Communicating How to Use the Flex in the End Application
Working with the fabricator, it was obvious that the selected flexible solder mask was not flexible enough to withstand the end-use flexing requirements. This is a common issue. Design and fabrication rarely communicate with each other how the end application will use the flex. A a part of the problem is that Gerber files are two dimensional while the end use is three dimensional. Had the fabricator understood the need for dynamically flexing, they would not have recommended the flexible solder mask.
After several discussions, they decided to change the flexible solder mask to a polyimide coverlay, bringing us back to the initial issue with the surface mount pad density and definition. As a solution, the fabricator recommended laser drilling the polyimide coverlay. The two parties also discussed changing the fabrication to a button plate rather than a panel plate. Button plating only adds copper to the pad area and plated through-holes. This eliminates electrodeposited copper from the construction, keeping the layers as flexible as possible.
The project was again released for fabrication, assembled, installed and tested successfully. Perfect! Right?
How did the 3-layer Rigid Flex Become 20% More Expensive than the 4-layer?
Here is what was going on behind the scenes to fabricate this part number. Flex on the outer layers of a rigid flex construction is not common and in this case was significantly driving up costs. The fabricator to reduce the panel size, and subsequently the number of pieces running per panel, which also drove up the costs. In addition, the button plating process itself adds extra cost.
Ultimately, this product was redesigned as a more conventional, 4-layer rigid-flex construction with rigid layers on the outer layers and the flex layers sandwiched between. Those dense component areas could then use a standard solder mask process, eliminating the button plating process. Switching to a standard process also increased the panel size and the number per panel. Even though the raw material costs were higher, the overall cost of the part decreased by 20% with this 4-layer design.
First, the initial 3-layer rigid-flex design was ultimately successful, and functioned as needed. There was nothing “wrong” with that design. But, there was a less expensive approach; the rigid flex design. Lesson learned.

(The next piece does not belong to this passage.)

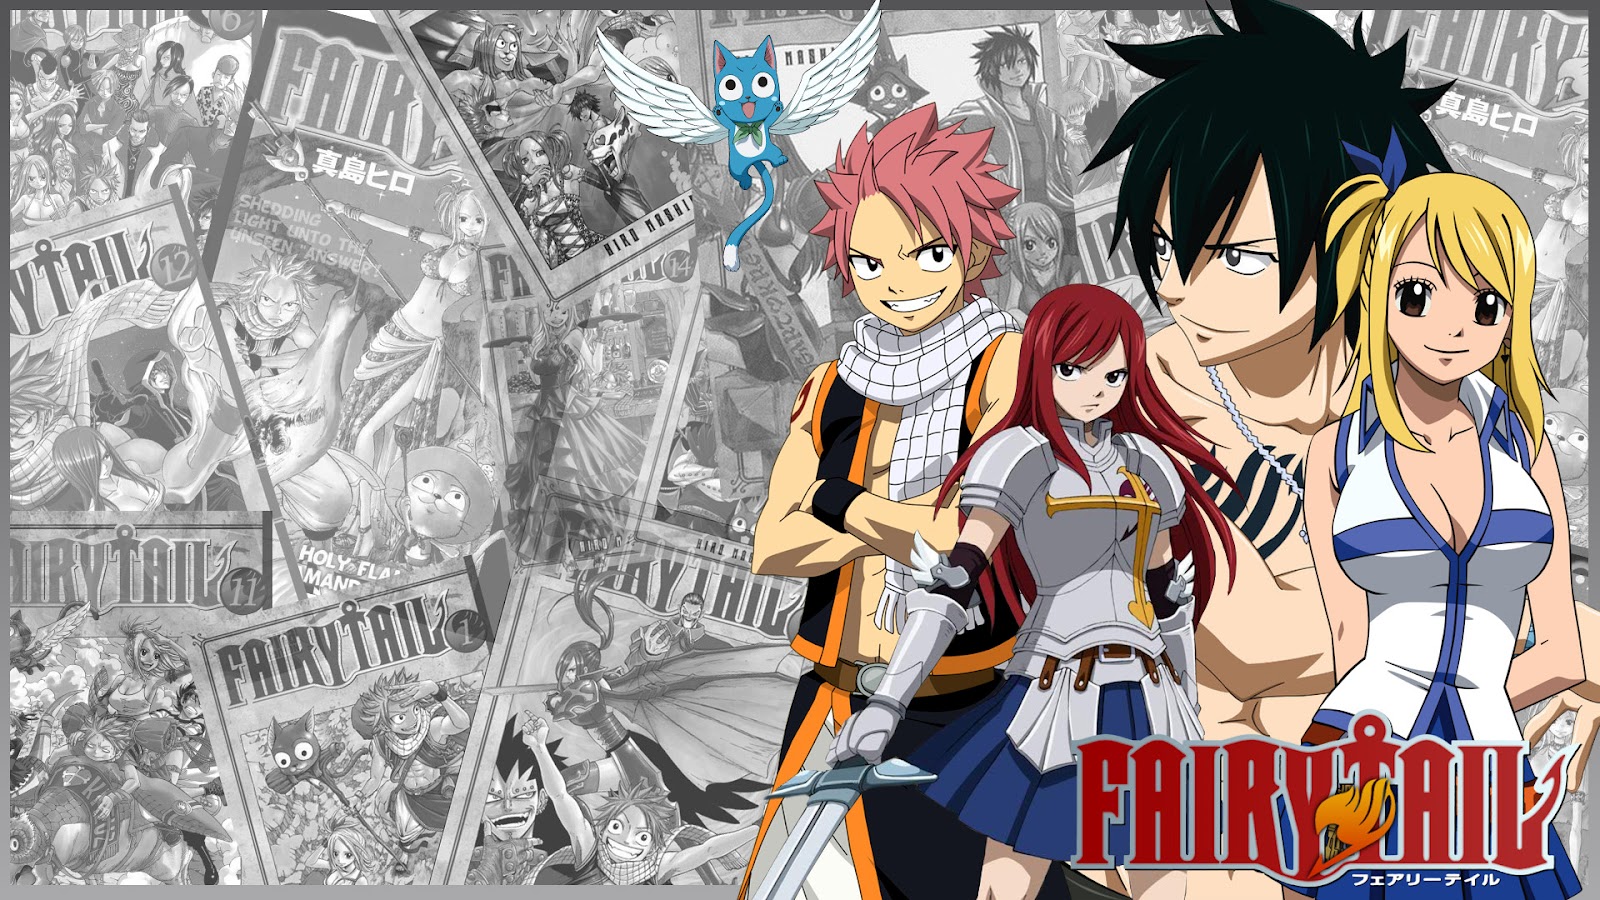 Free Download Fairy Tail Wallpaper 2 Fairy Tail Wallpaper 3 Fairy Tail Wallpaper 4 1600x900 For Your Desktop Mobile Tablet Explore 50 Fairy Tail Wallpaper For Iphone Fairy Tail

Could this have been avoided? Maybe. Part of the issue was the learning curve that goes along with new technology, and part of it was communication. I sometimes feel that I have become like a broken record, stuck on the same few words, but my best advice for designers new to rigid- flex is always to work with your fabricator, over-explain what you are trying to accomplish and ask for their advice. They work with the technology every day and are happy to recommend best practices and help avoid introducing unnecessary costs.